Task details: Could you reproduce all the entries under this sentence exactly, leaving the images aside?

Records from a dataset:
-*-

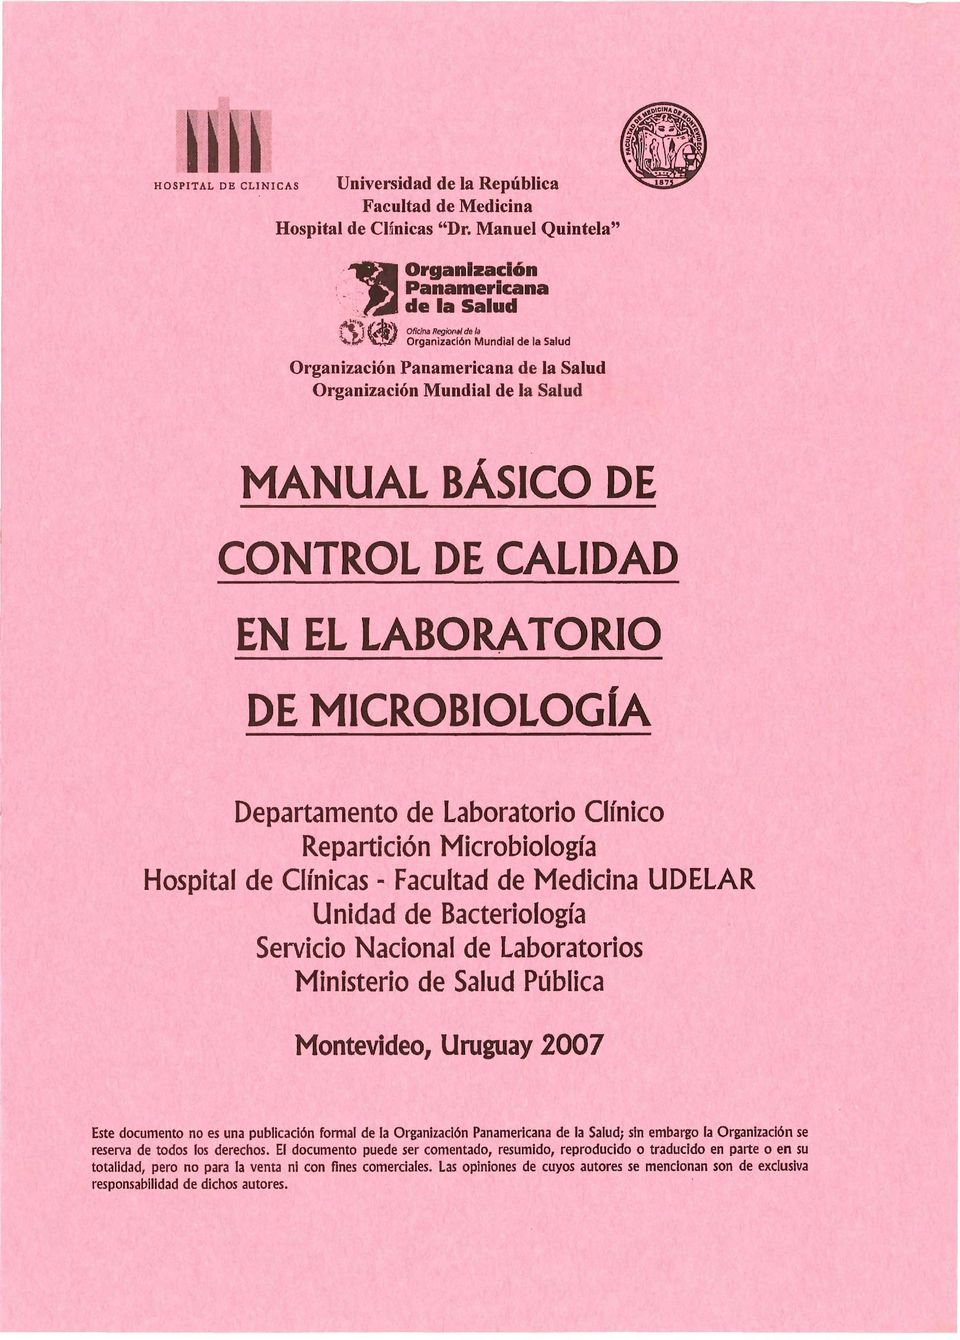 .. Organización Mundial de la Salud Organización Panamericana de la Salud Organización Mundial de la Salud MANUAL BÁSICO DE CONTROL DE CALIDAD DE MICROBIOLOGÍA Departamento de Laboratorio Clínico
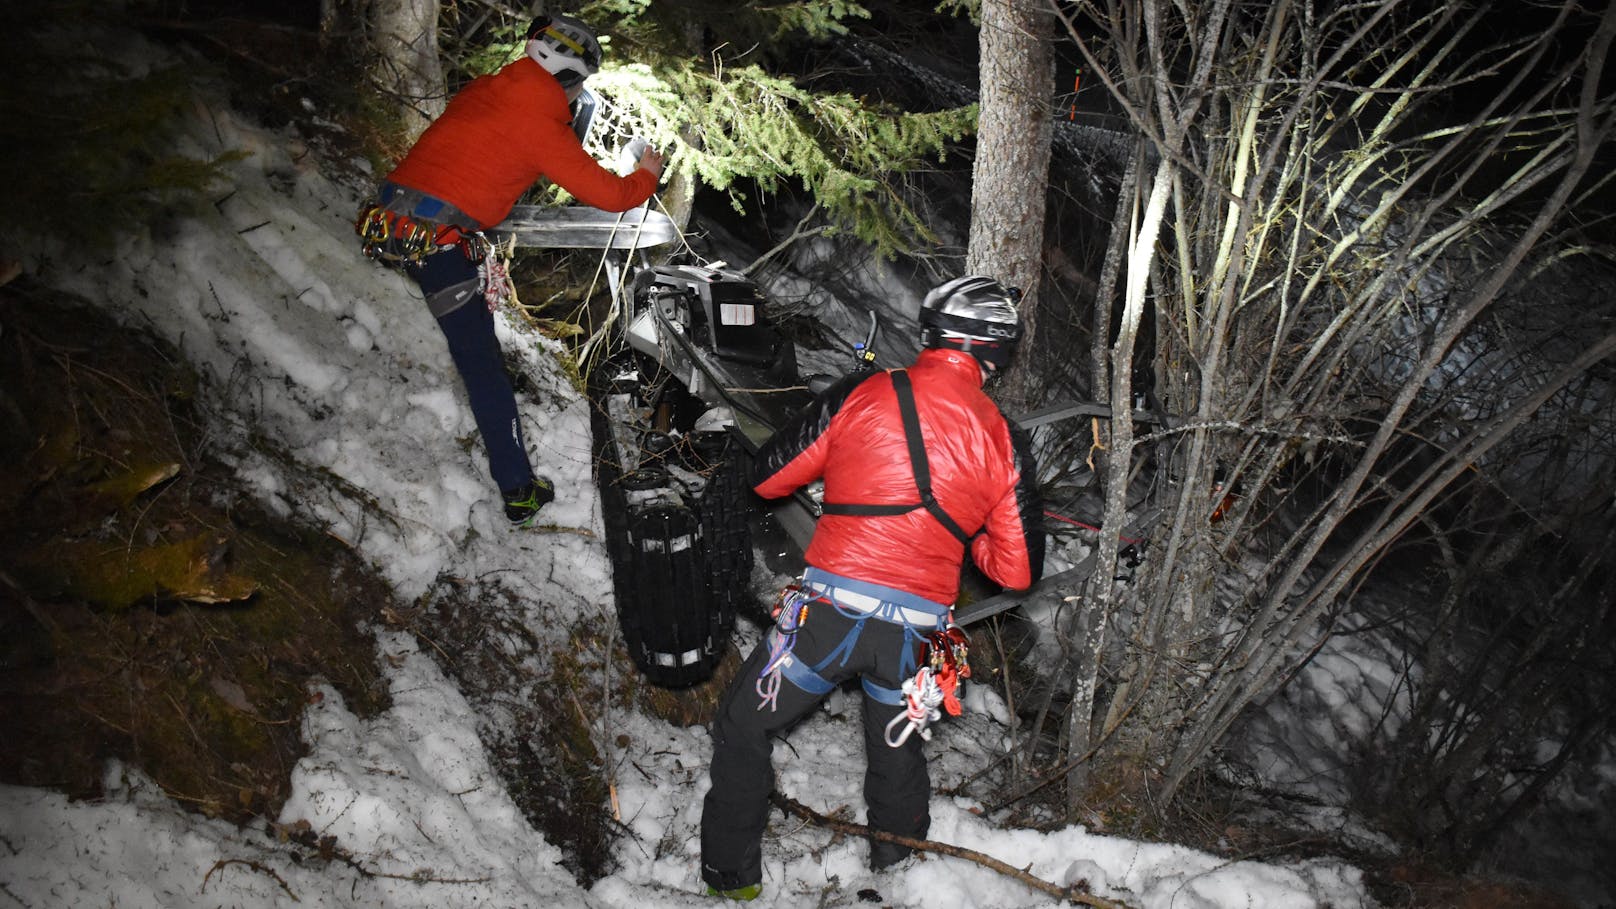 Mit Ski-Doo abgestürzt – 2 Urlauber schwer verletzt
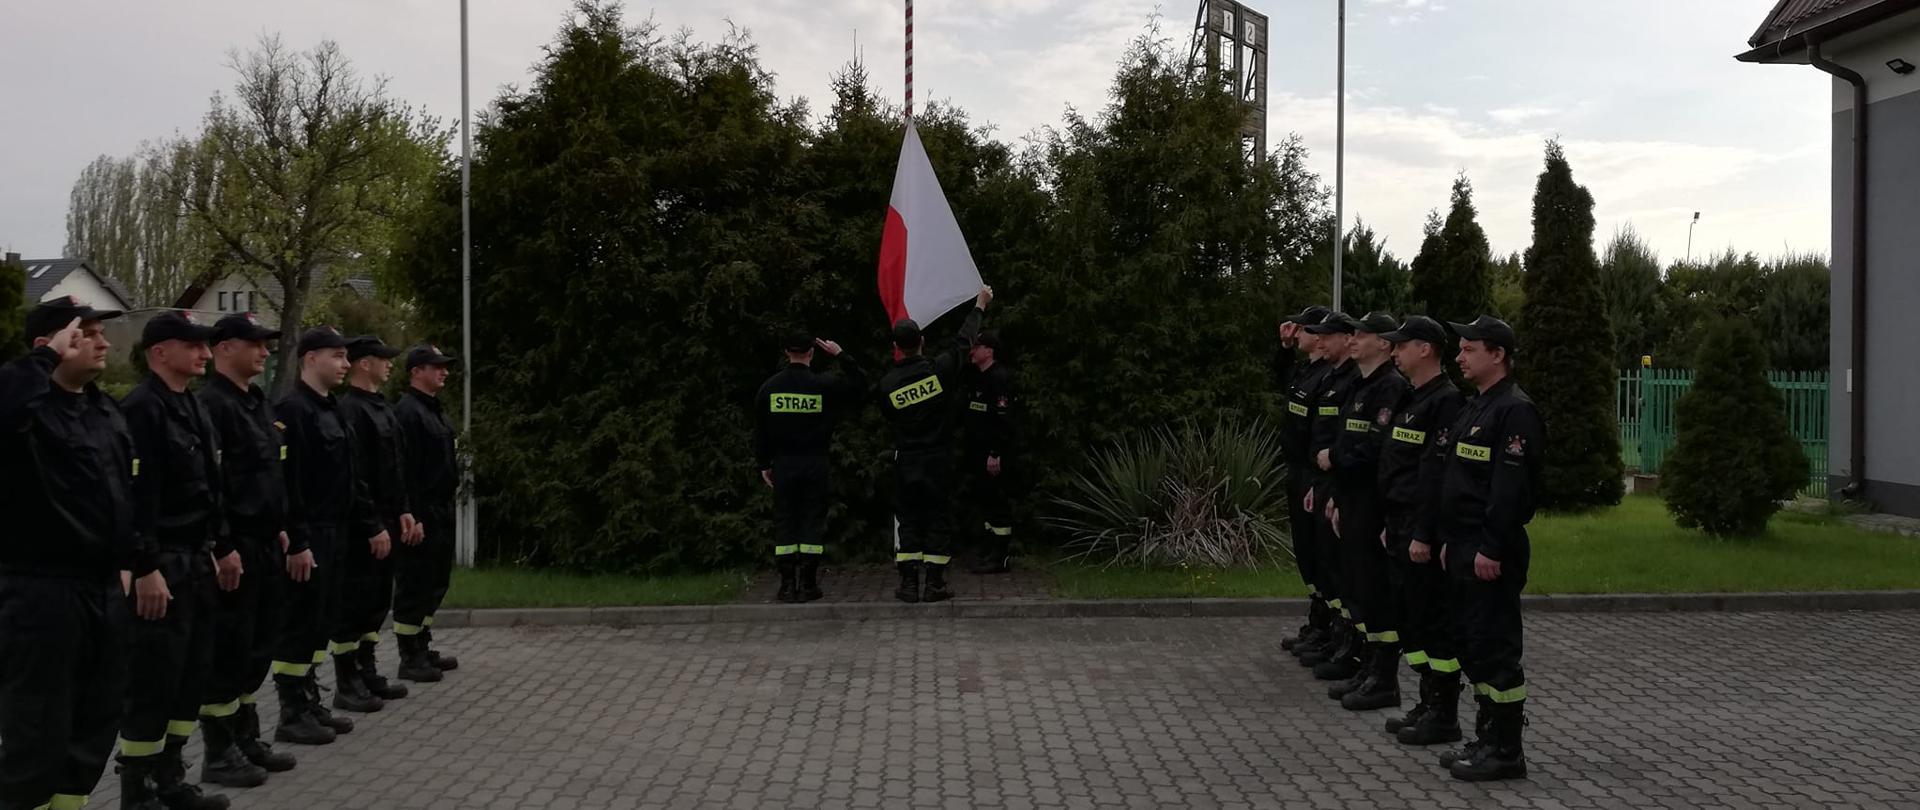 Na zdjęciu widać trzech strażaków, którzy zawieszają flagę Polski na maszcie. Po lewej i prawej stronie stoją strażacy w jednym rzędzie naprzeciwko siebie. W sumie jedenaście osób. Wszyscy ubrani są w czarne stroje z jasnożółtymi odblaskami z napisem straż. Na głowach strażacy mają założone czapki z daszkiem. Uroczysta zbiórka odbywa się na placu manewrowym przed budynkiem Komendy Powiatowej Państwowej Straży Pożarnej w Łęczycy. W tle widać krzewy. Jest widno, ale pochmurnie. 
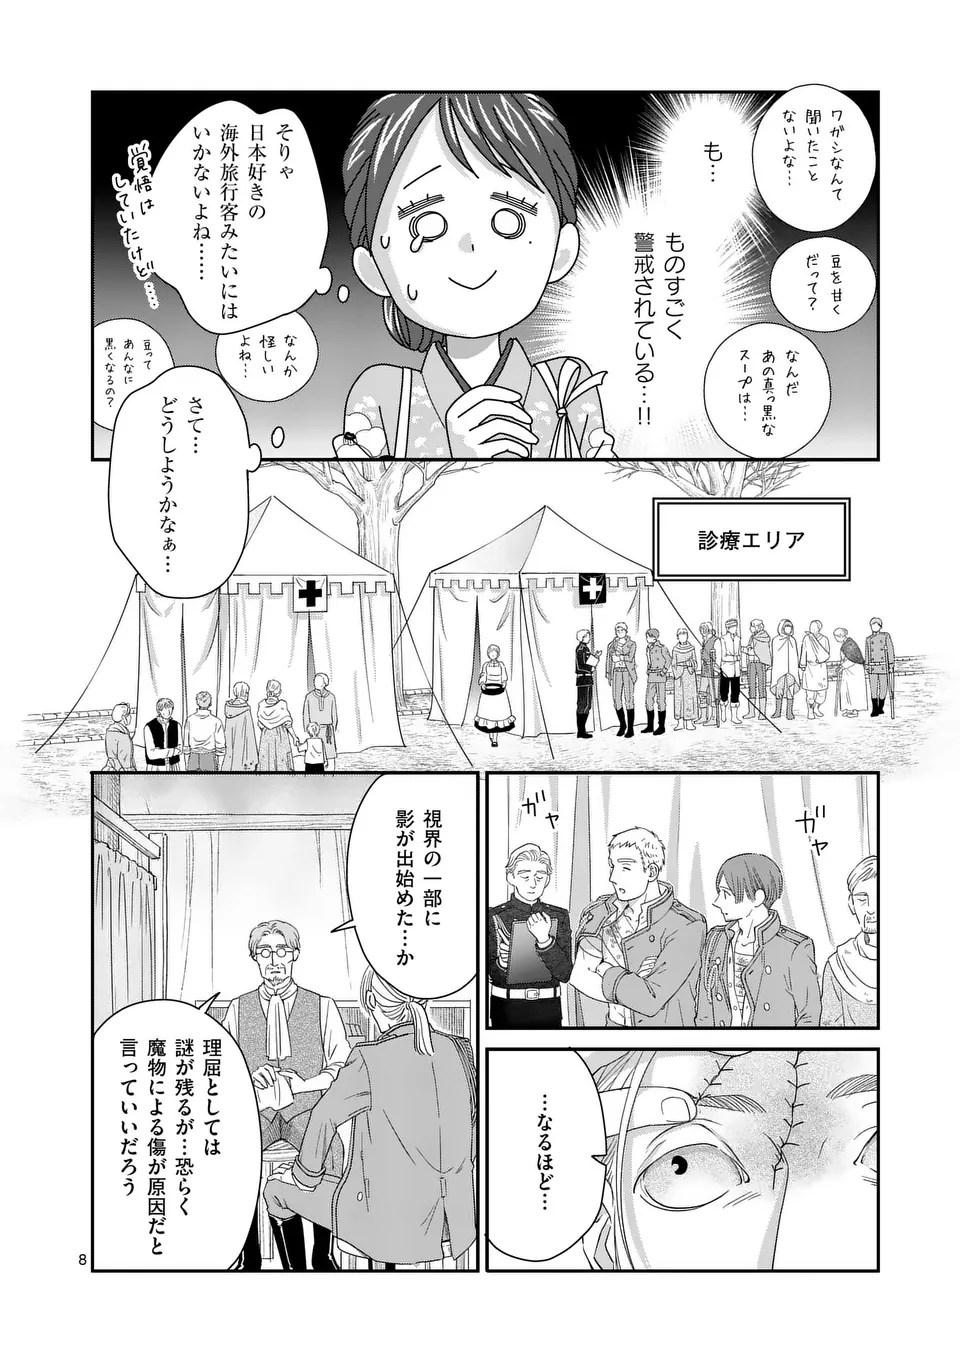 Makizoe de Isekai ni Yobidasareta no de, Sekai Kanmushi shite Wagashi Tsukurimasu - Chapter 5 - Page 8
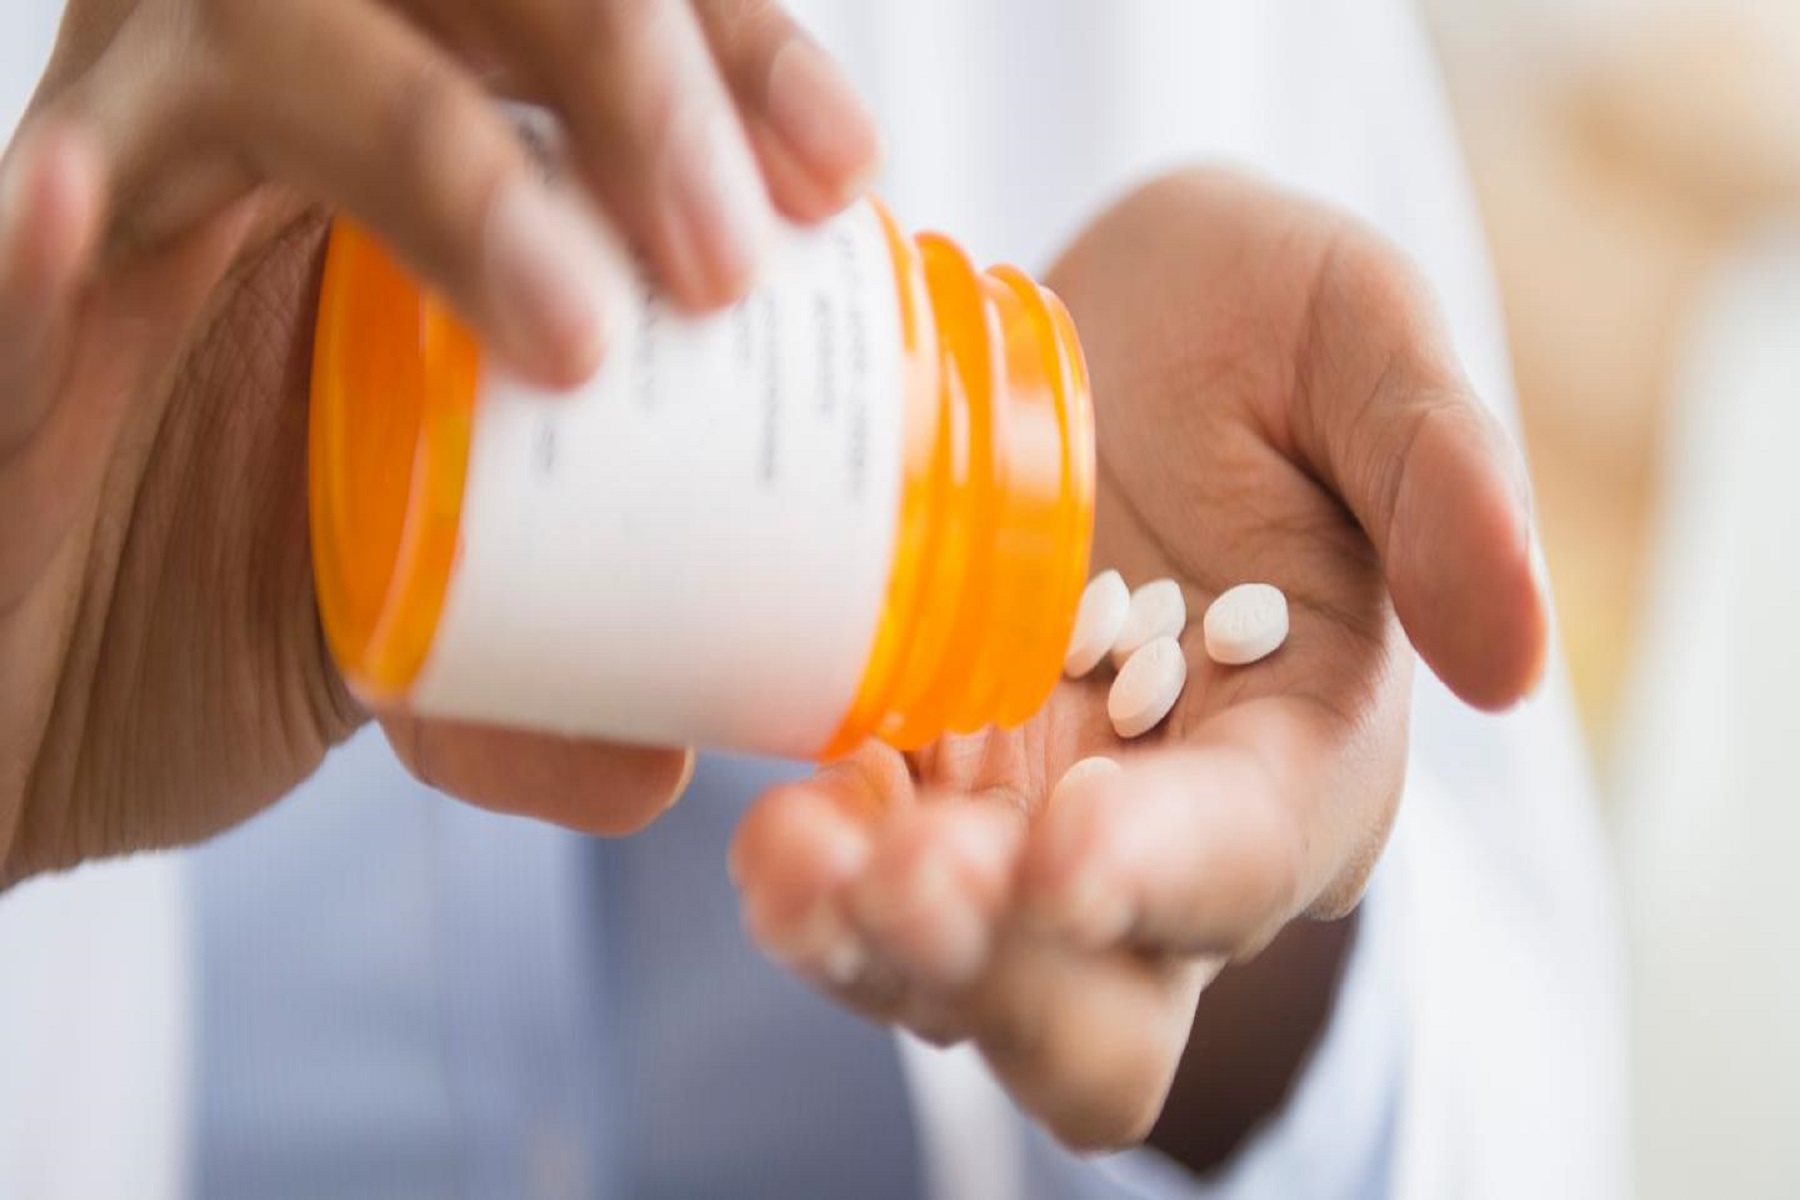 ΗΠΑ FDA: Εγκρίνει χάπι για τη θεραπεία ενηλίκων με οξύ πόνο αρκετά σοβαρό

-*-

Reply:
 .. Organización Mundial de la Salud Organización Panamericana de la Salud Organización Mundial de la Salud MANUAL BÁSICO DE CONTROL DE CALIDAD DE MICROBIOLOGÍA Departamento de Laboratorio Clínico
 Mit Ski-Doo abgestürzt – 2 Urlauber schwer verletzt
 Na zdjęciu widać trzech strażaków, którzy zawieszają flagę Polski na maszcie. Po lewej i prawej stronie stoją strażacy w jednym rzędzie naprzeciwko siebie. W sumie jedenaście osób. Wszyscy ubrani są w czarne stroje z jasnożółtymi odblaskami z napisem straż. Na głowach strażacy mają założone czapki z daszkiem. Uroczysta zbiórka odbywa się na placu manewrowym przed budynkiem Komendy Powiatowej Państwowej Straży Pożarnej w Łęczycy. W tle widać krzewy. Jest widno, ale pochmurnie. 
 Makizoe de Isekai ni Yobidasareta no de, Sekai Kanmushi shite Wagashi Tsukurimasu - Chapter 5 - Page 8
 ΗΠΑ FDA: Εγκρίνει χάπι για τη θεραπεία ενηλίκων με οξύ πόνο αρκετά σοβαρό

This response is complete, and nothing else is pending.